Scientists at Georgia State University have used CRISPR gene editing to restore an ancient enzyme humans lost millions of years ago potentially reversing the buildup of uric acid that causes gout.
Gout is an ancient form of arthritis caused by the buildup of sharp crystals in the joints, leading to swelling and intense pain. Now, scientists at Georgia State University believe they may have uncovered an ancient method to combat it.
In a study published in Scientific Reports, the research team used CRISPR gene-editing technology to restore a gene that humans lost millions of years ago, which resulted in lower levels of uric acid—the compound responsible for gout and several other health issues.
The key lies in an enzyme called uricase, which most other animals still possess.
Uricase helps the body break down uric acid, a waste product that forms naturally in the blood.
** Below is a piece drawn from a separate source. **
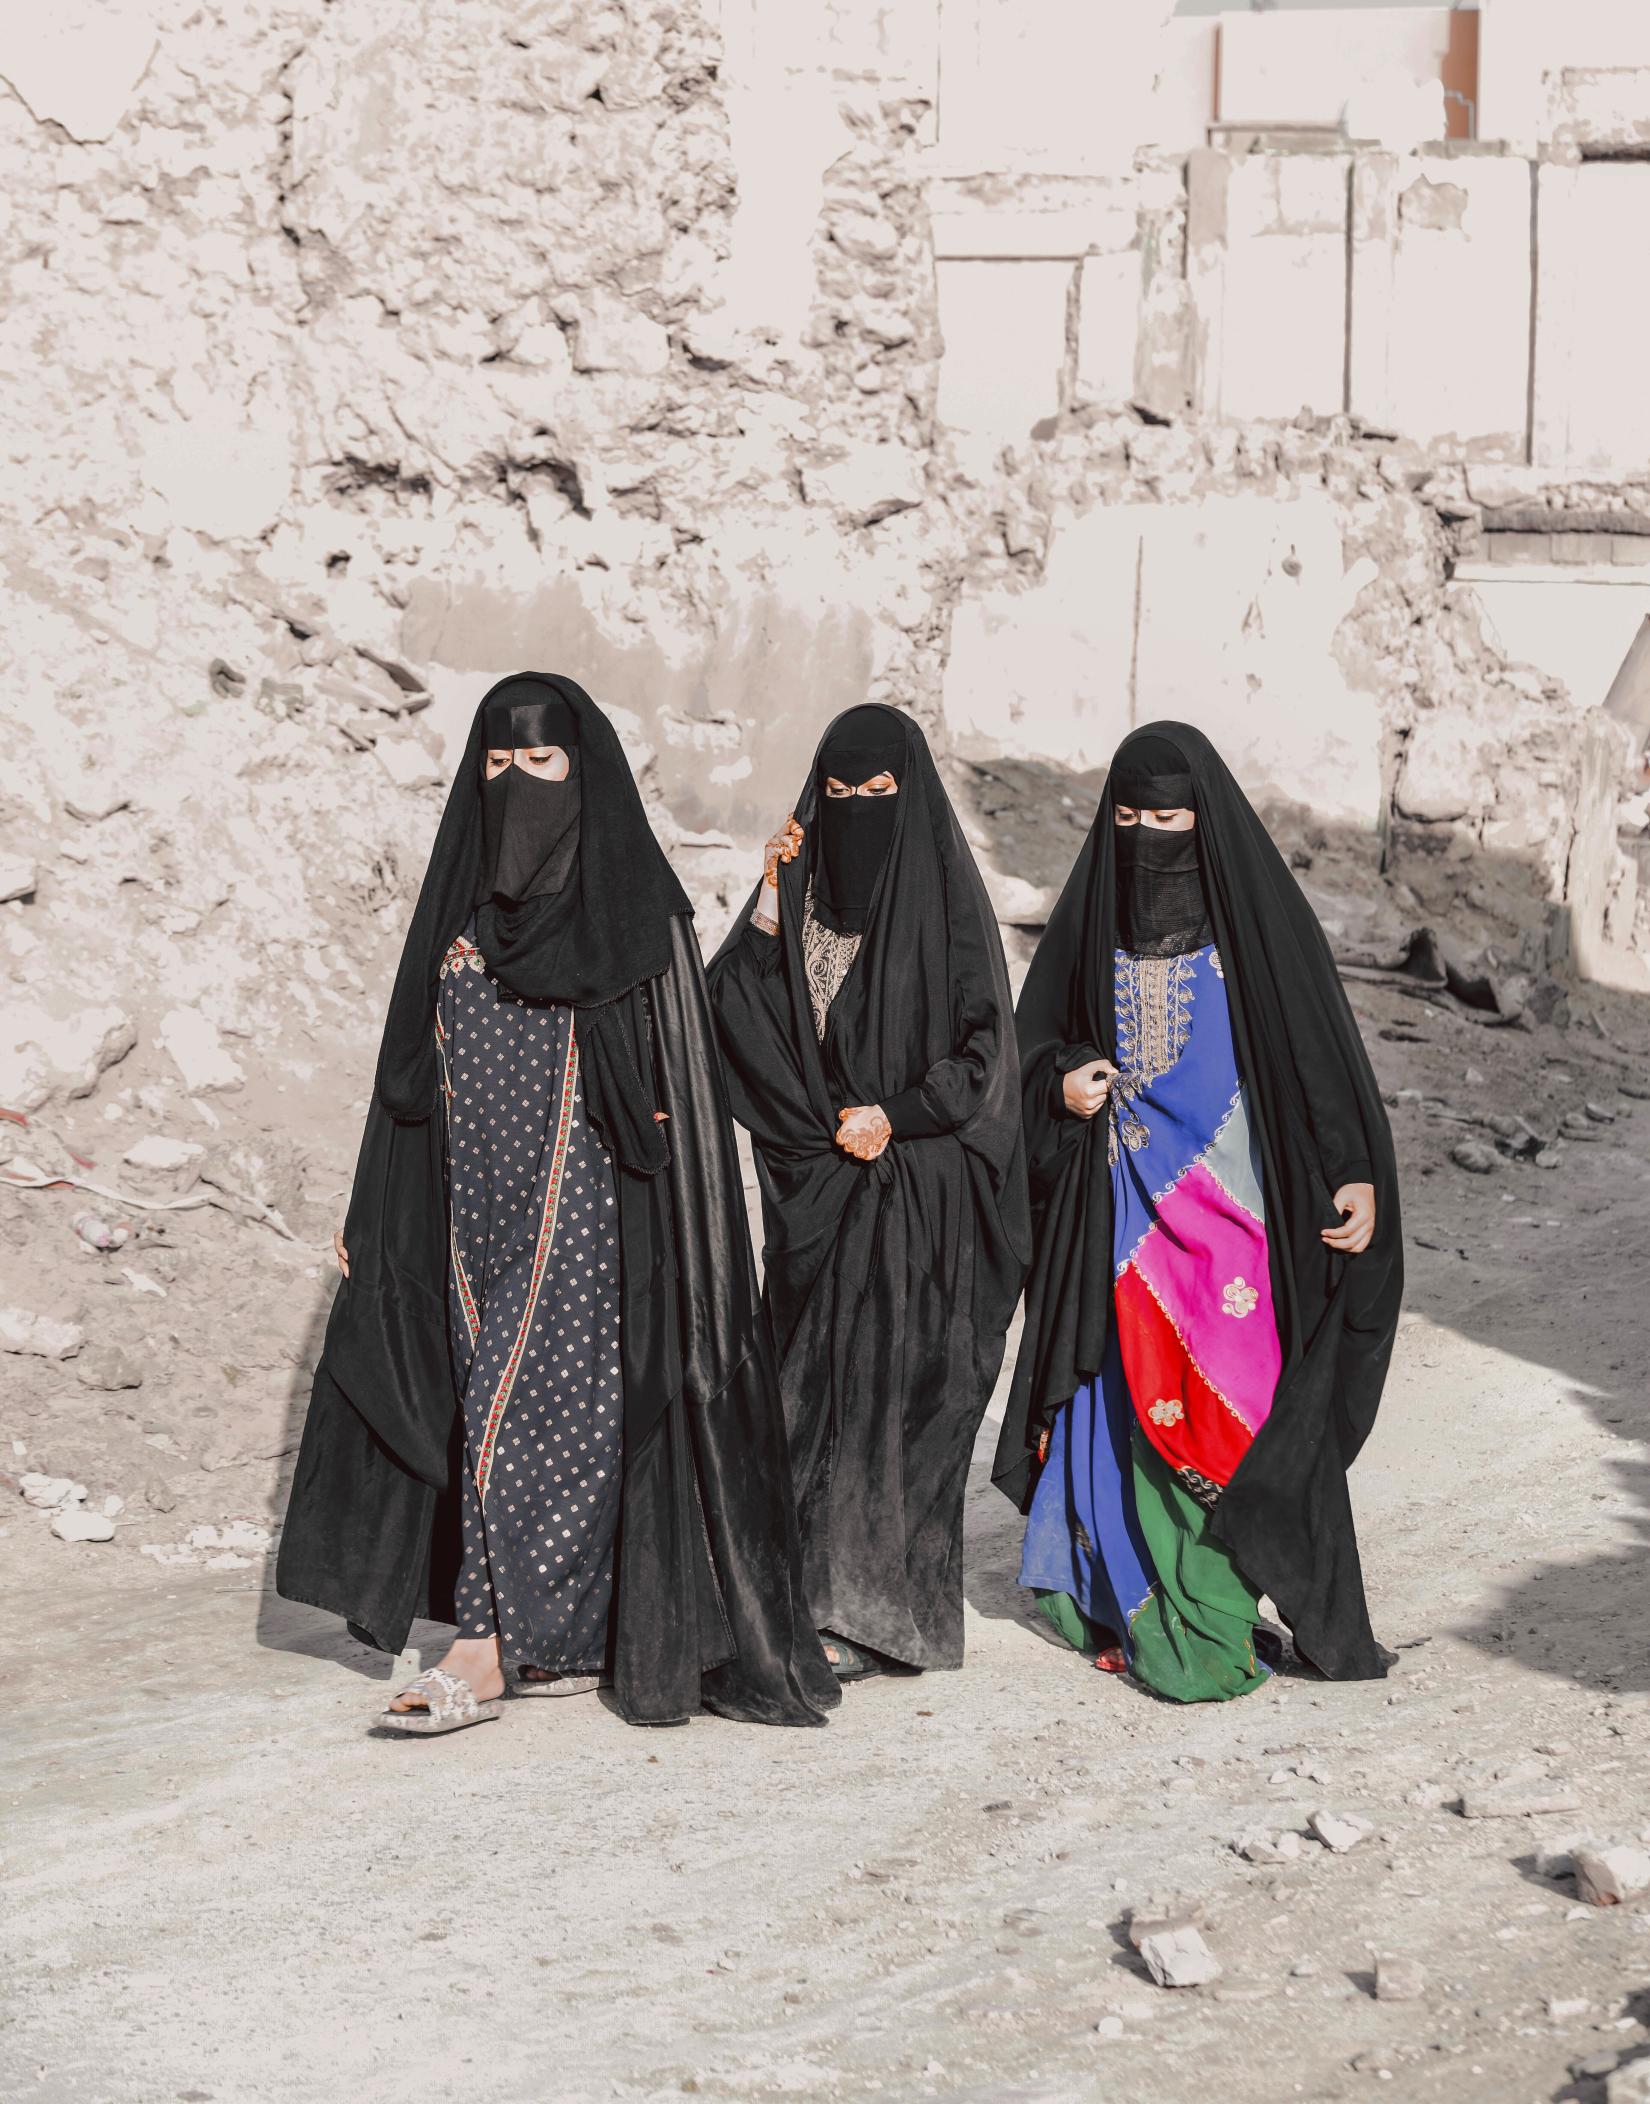 Saudi Women in Traditional Attire

When too much of it accumulates, the excess can crystallize in joints and kidneys, causing gout, kidney stones, and related health problems.
Humans and other apes lost the uricase gene about 20 to 29 million years ago. Some researchers believe this genetic loss once served a purpose. For example, Dr. Richard Johnson of the University of Colorado has suggested that higher uric acid levels may have helped early primates convert fruit sugar into fat, offering a survival edge during periods of food scarcity, as described in a paper Seminars in Nephrology.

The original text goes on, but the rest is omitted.